Julie Han, Simon Fraser University

By Julie Han, Simon Fraser University, winner of the 2018 (Spring) Stories from Abroad Scholarship, member of the BC Study Abroad Writer in Residence Team

Study Abroad Destination: Amsterdam, The Netherlands

My high school economics teacher kept a chunk of the Berlin wall in his desk drawer. Of the many non-economics related lessons with which he blessed us, this literal piece of history served as a reminder of the importance of being there. And as someone who had quite honestly lived the majority of her life vicariously through richer strangers on the internet, I easily dismissed this lesson. I always felt the lesson never invest in an African amethyst mine to be much more poignant, and just as relevant.

But now that I was older and more disconnected, in more ways than one, my first trip outside of Amsterdam was Berlin with the sole intention of visiting the Berlin Wall, with the sole purpose of revisiting this lesson. So, there I was, standing in front of the Berlin Wall, watching dried paint, waiting for merits of this lesson to emerge from the murals like a magic eye. I watched as crowds of tourists waxed and waned, and as buskers shifted posts, but without any real methodology to my soul-searching, I just left. And I resorted to walking around Berlin until I found myself in front of the Bode Museum in the far corner of Museum Island.

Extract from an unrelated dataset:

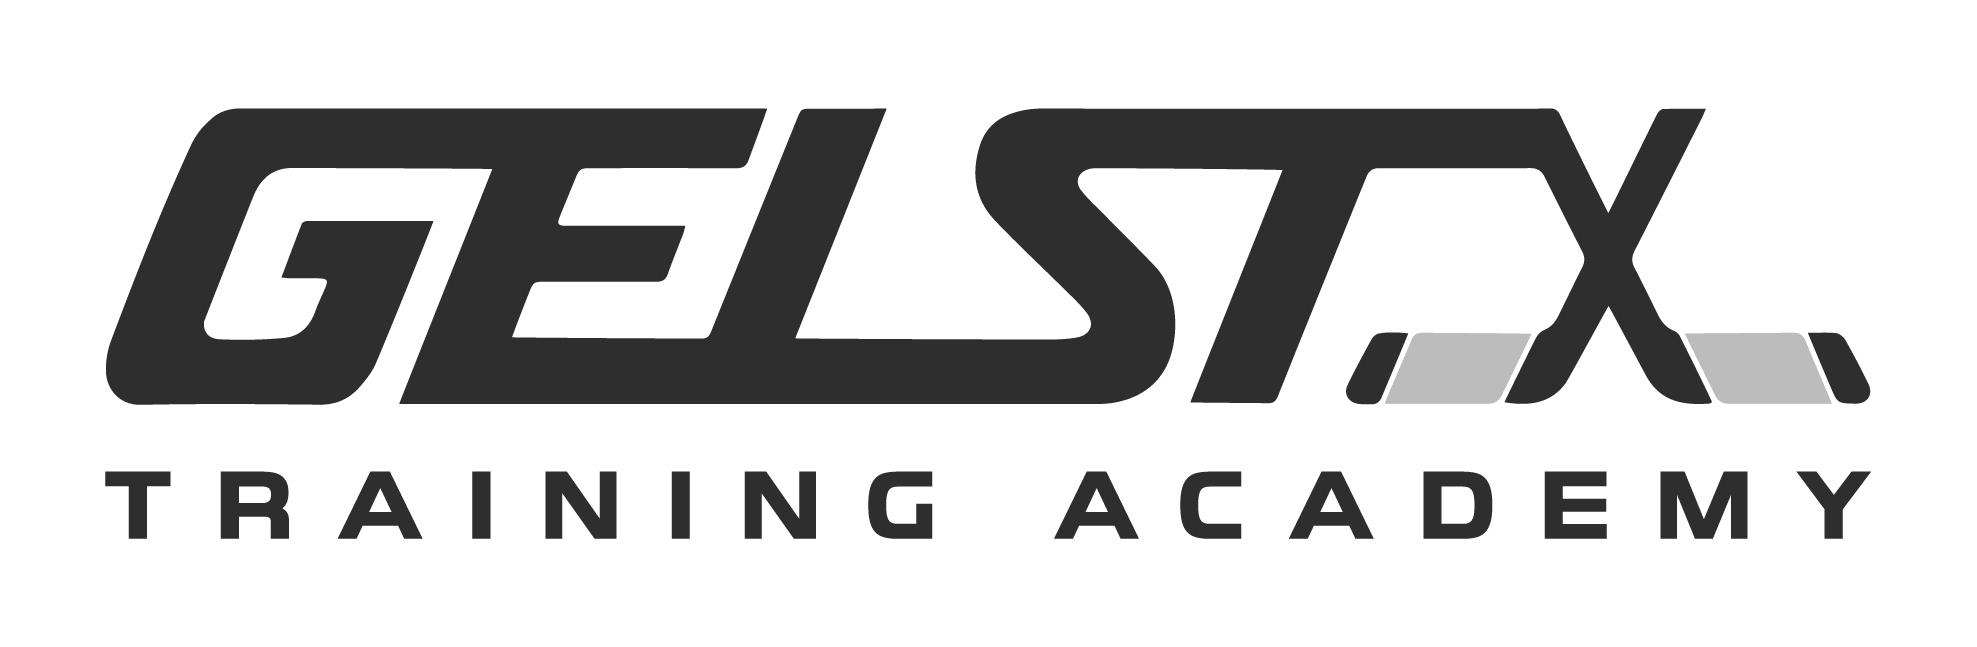 logo of Gelstx Training Academy

Among the Renaissance statues of ancient Greek gods in a modern German museum, my sense of displacement became clearer and clearer. How could I understand the importance of being there if I couldn’t understand where I was? You book a ticket to Germany expecting tall blondes in dirndls drinking beer, and instead you get hit with tourists, buskers, and a wall. And it’s your job to make sense of it all.

Slow and silent, the importance of being there is the opportunity to replace your expectations of the perfect and the pure with experience of the real and the clear. No place and no person is perfect or pure, and it’s ultimately a disservice to yourself to hold those expectations. As I moved on from place to place, I found layers and layers of these expectations peeling back, until I was satisfied with the simplicity of being there.